Raw data:
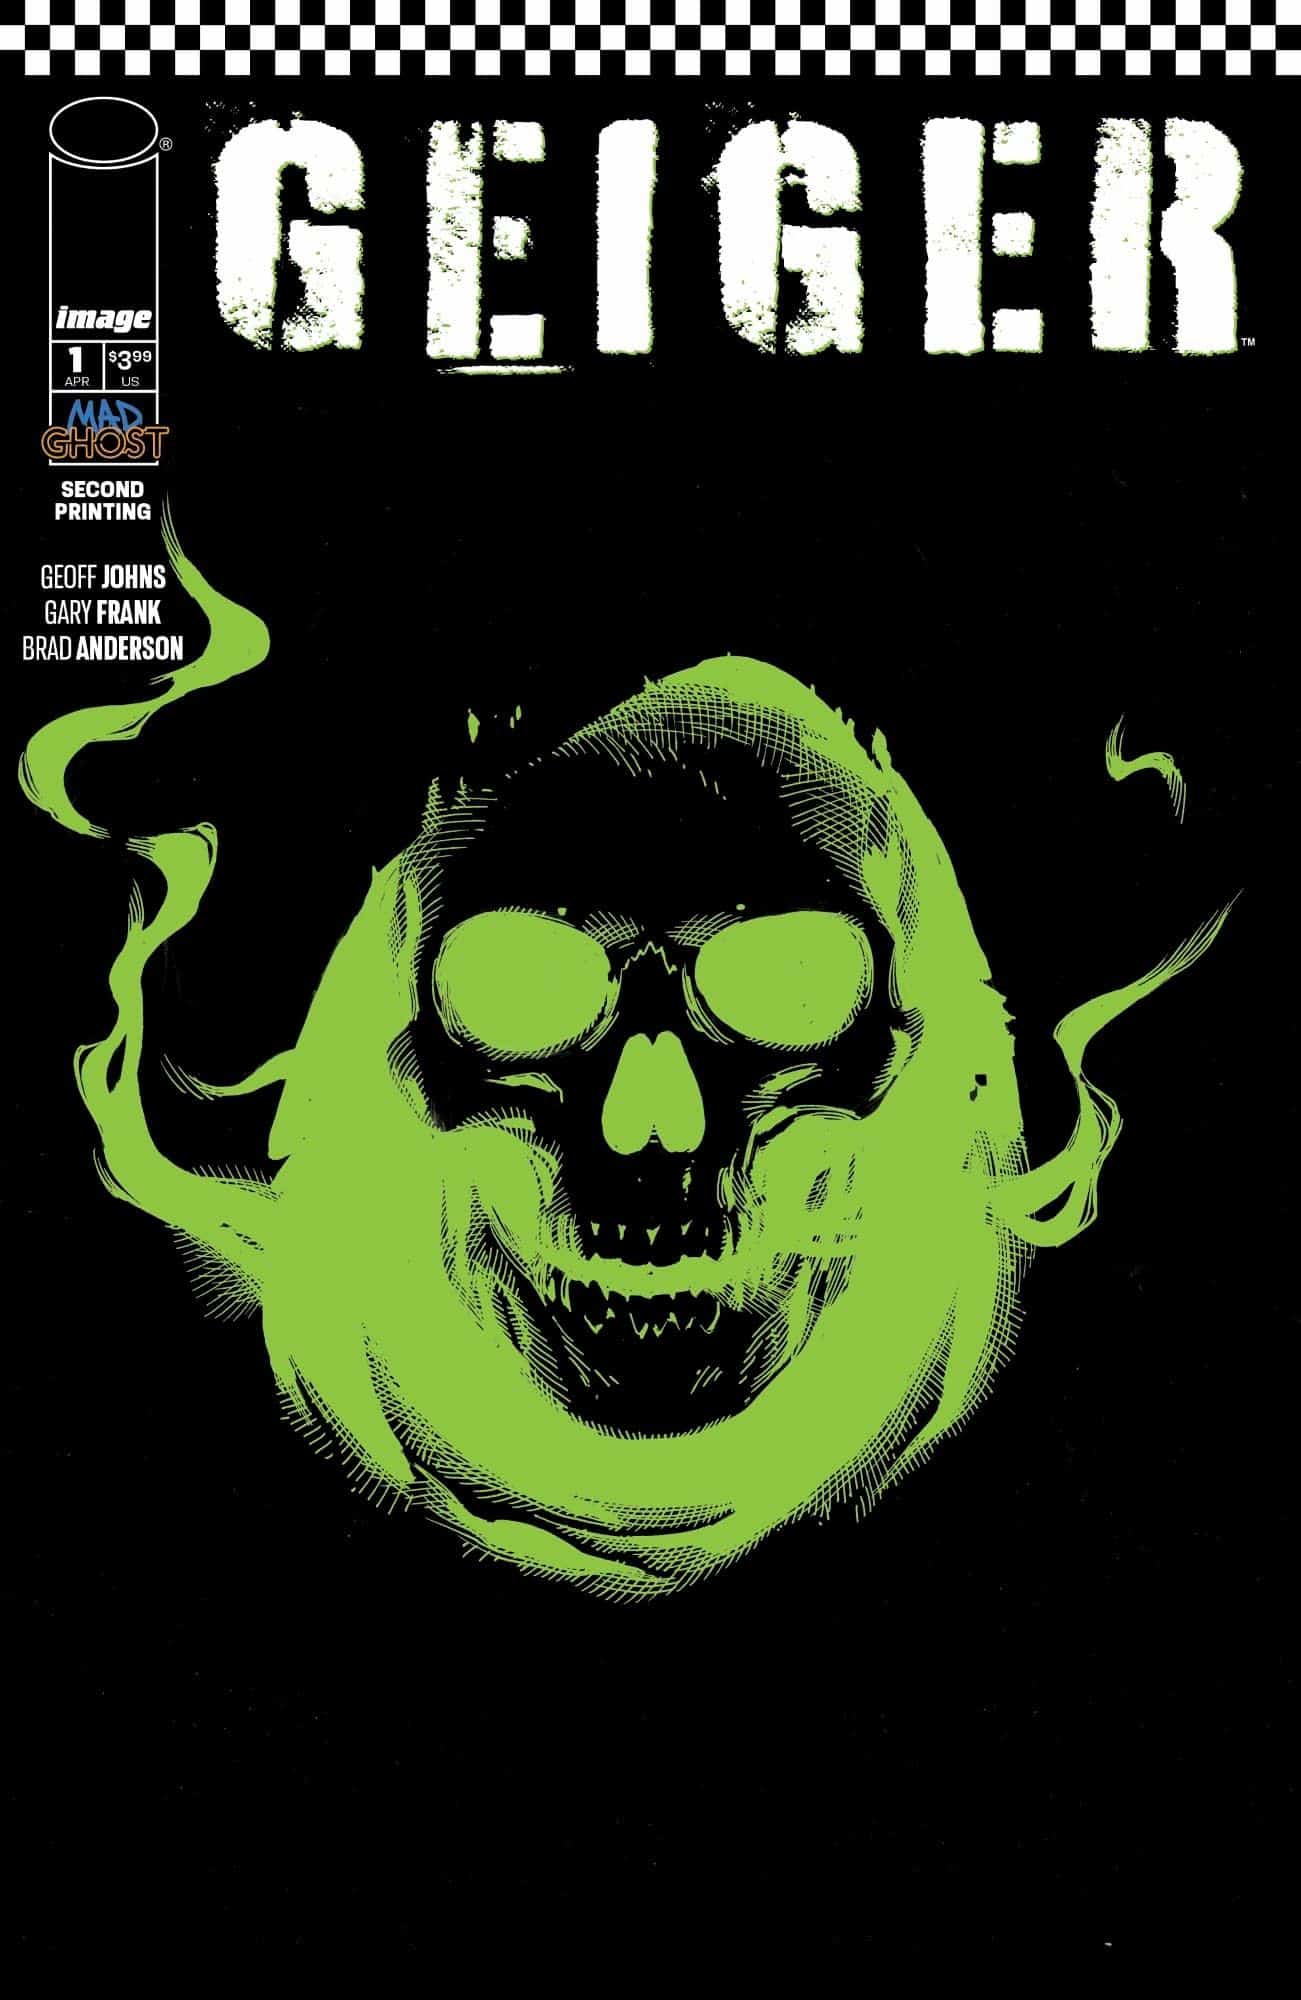 Image Comics’ Geiger #1 From DC Comics Doomsday Clock Creative Team Sells Out Before Release With 2nd Print Announced!
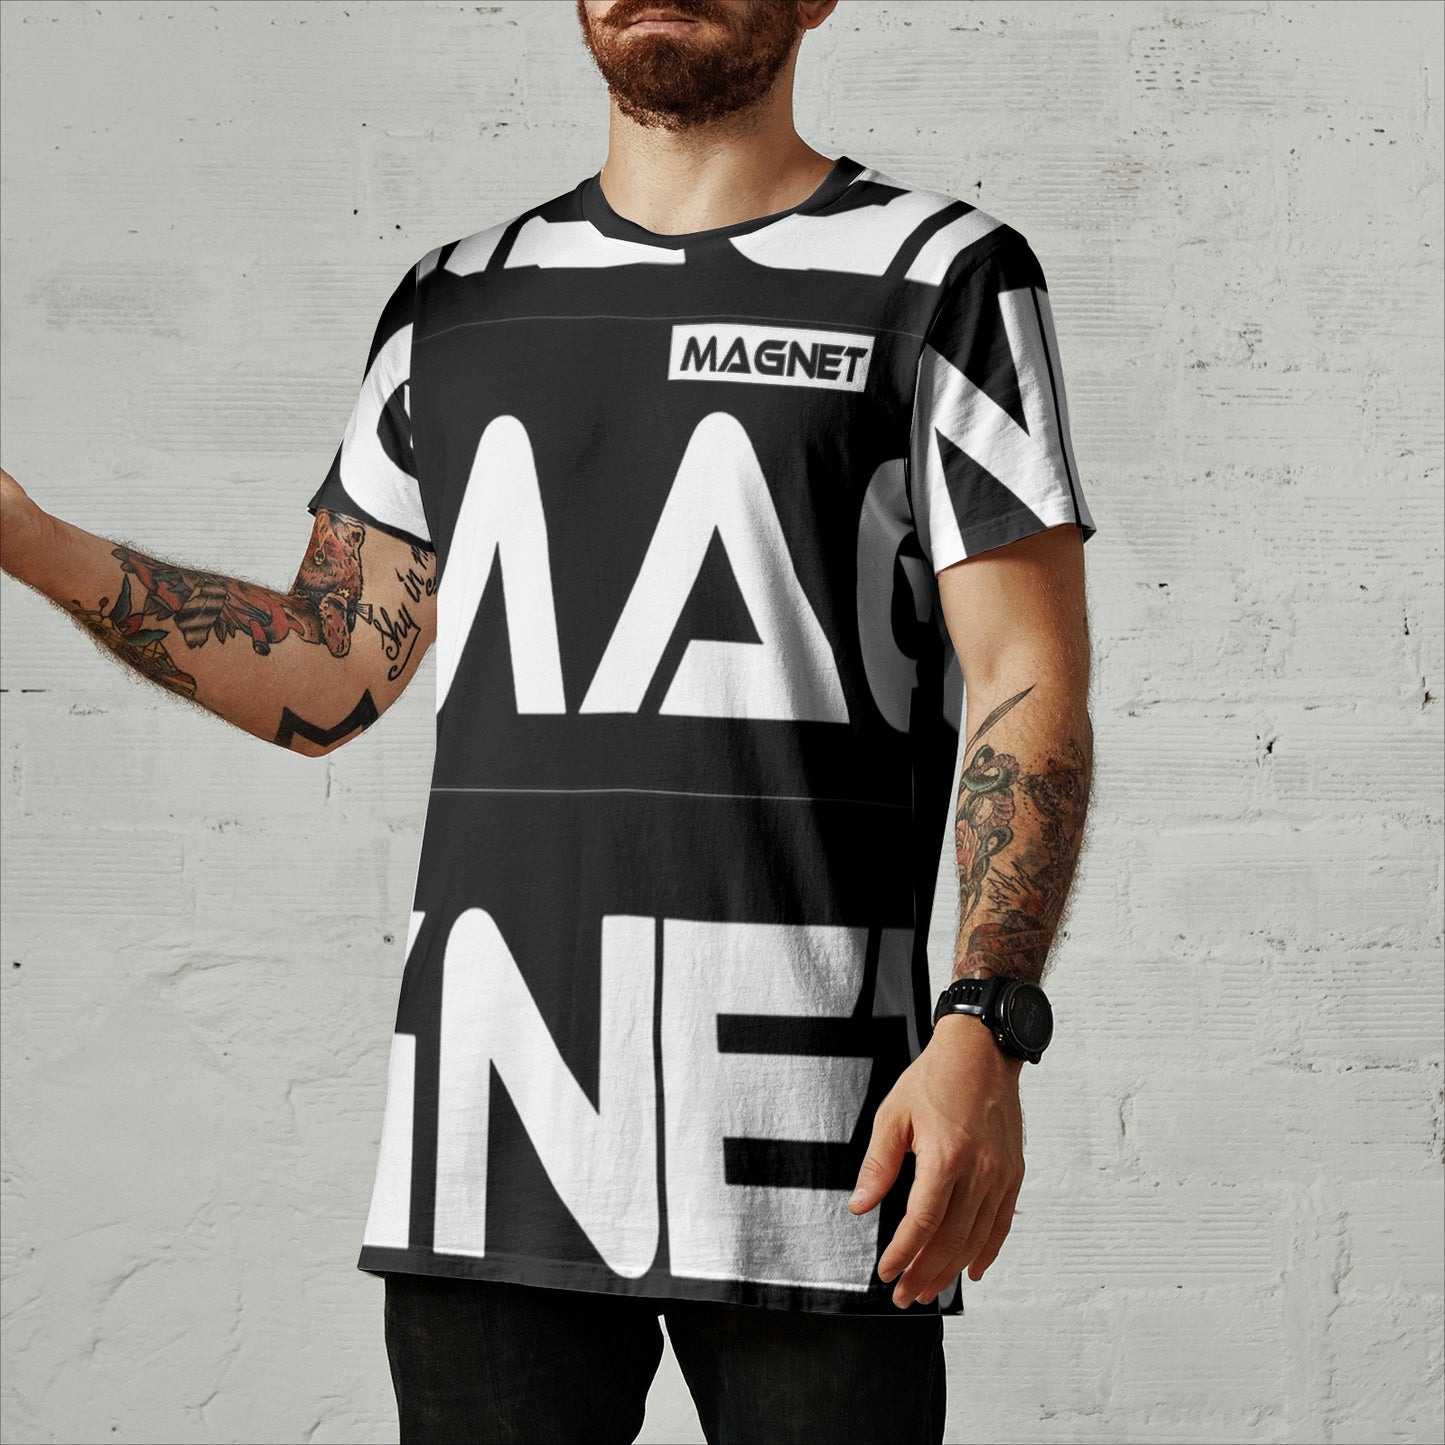 Magnet Bolo Men's All-Over Print T-shirts
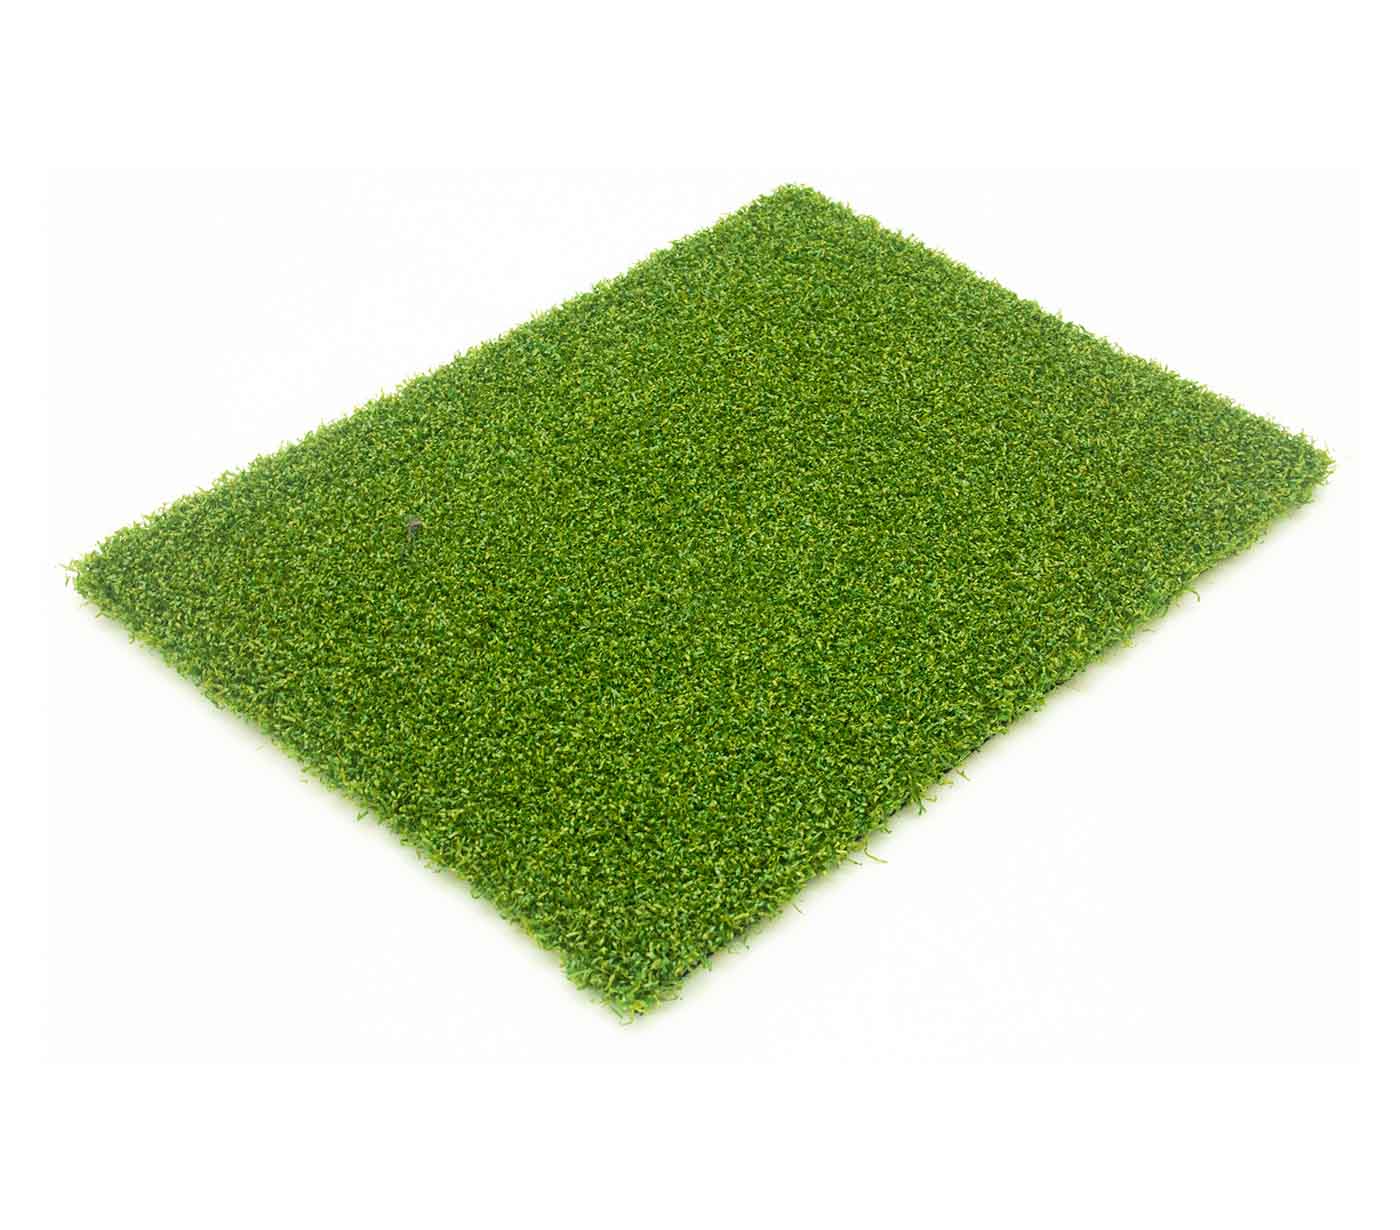 Pine Valley Golf Green - Turf Suppliers Canada
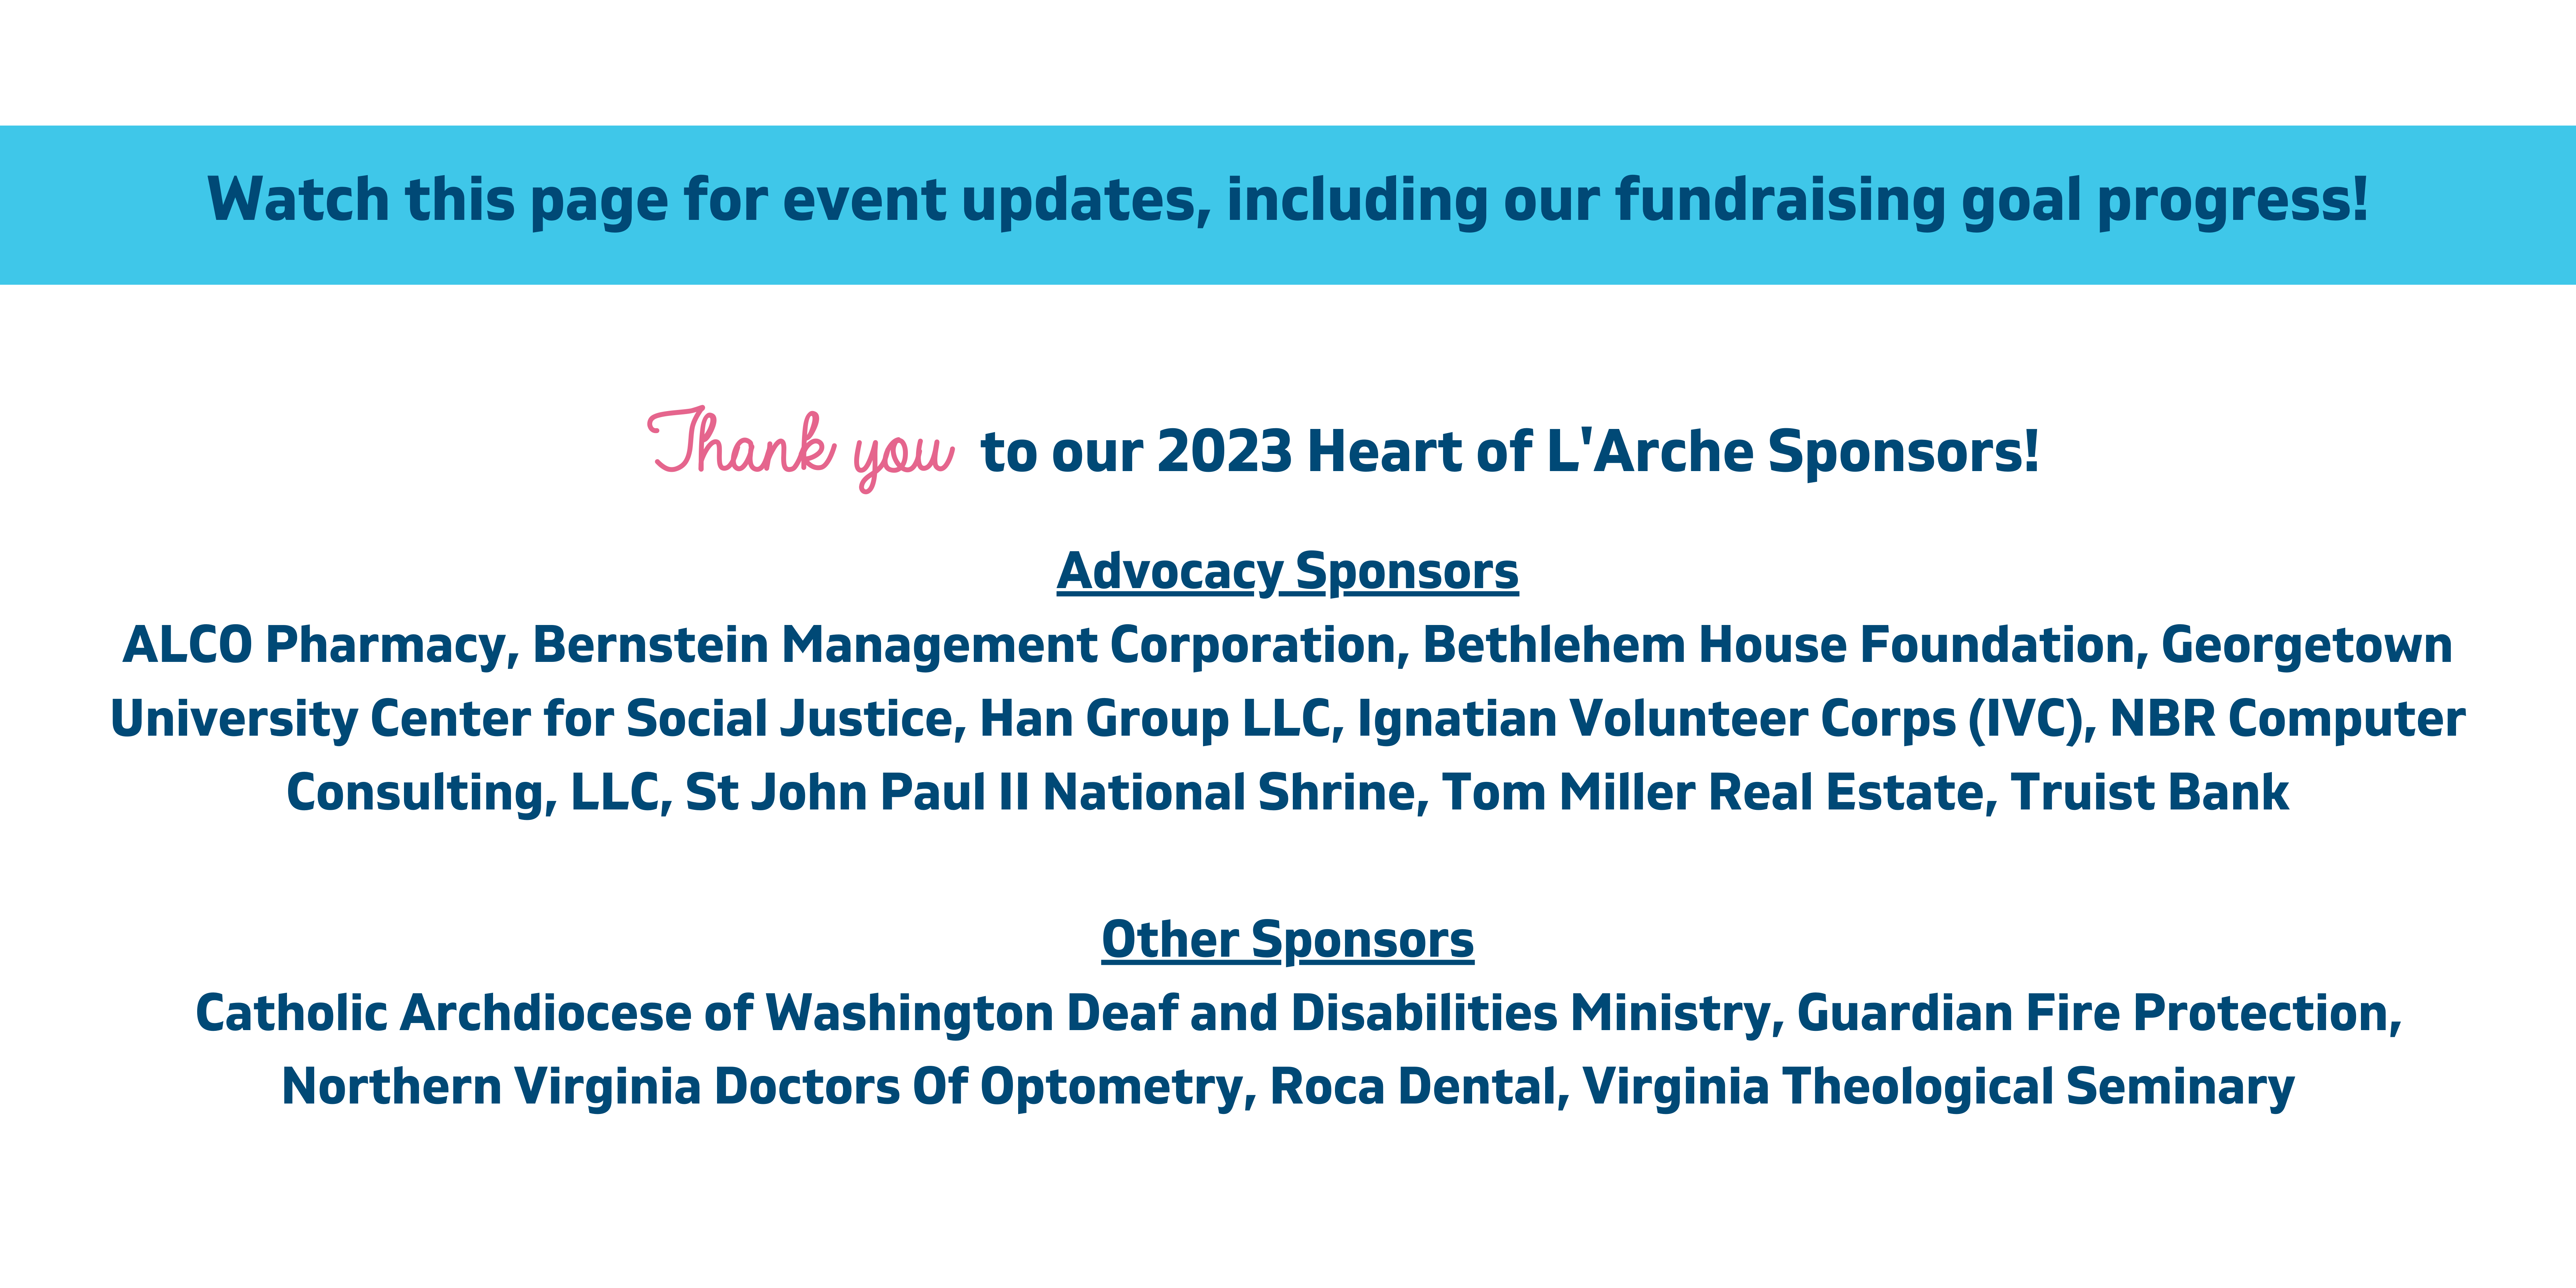 Watch this page for event updates, including our fundraising goal progress! to our 2023 Heart of L'Arche Sponsors! Advocacy Sponsors ALCO Pharmacy, Bernstein Management Corporation, Bethlehem House Foundation, Georgetown University Center for Social Justice, Han Group LLC, Ignatian Volunteer Corps (IVC), NBR Computer Consulting, LLC, St John Paul II National Shrine, Tom Miller Real Estate, Truist Bank Other Sponsors Catholic Archdiocese of Washington Deaf and Disabilities Ministry, Guardian Fire Protection, Northern Virginia Doctors of Optometry, Roca Dental, Virginia Theological Seminary

Your task:
Every line from the line containing "Pine Valley Golf" through the last line above is to be printed exactly. Pictures are not copied.

Your solution:
 Pine Valley Golf Green - Turf Suppliers Canada
 Watch this page for event updates, including our fundraising goal progress! to our 2023 Heart of L'Arche Sponsors! Advocacy Sponsors ALCO Pharmacy, Bernstein Management Corporation, Bethlehem House Foundation, Georgetown University Center for Social Justice, Han Group LLC, Ignatian Volunteer Corps (IVC), NBR Computer Consulting, LLC, St John Paul II National Shrine, Tom Miller Real Estate, Truist Bank Other Sponsors Catholic Archdiocese of Washington Deaf and Disabilities Ministry, Guardian Fire Protection, Northern Virginia Doctors of Optometry, Roca Dental, Virginia Theological Seminary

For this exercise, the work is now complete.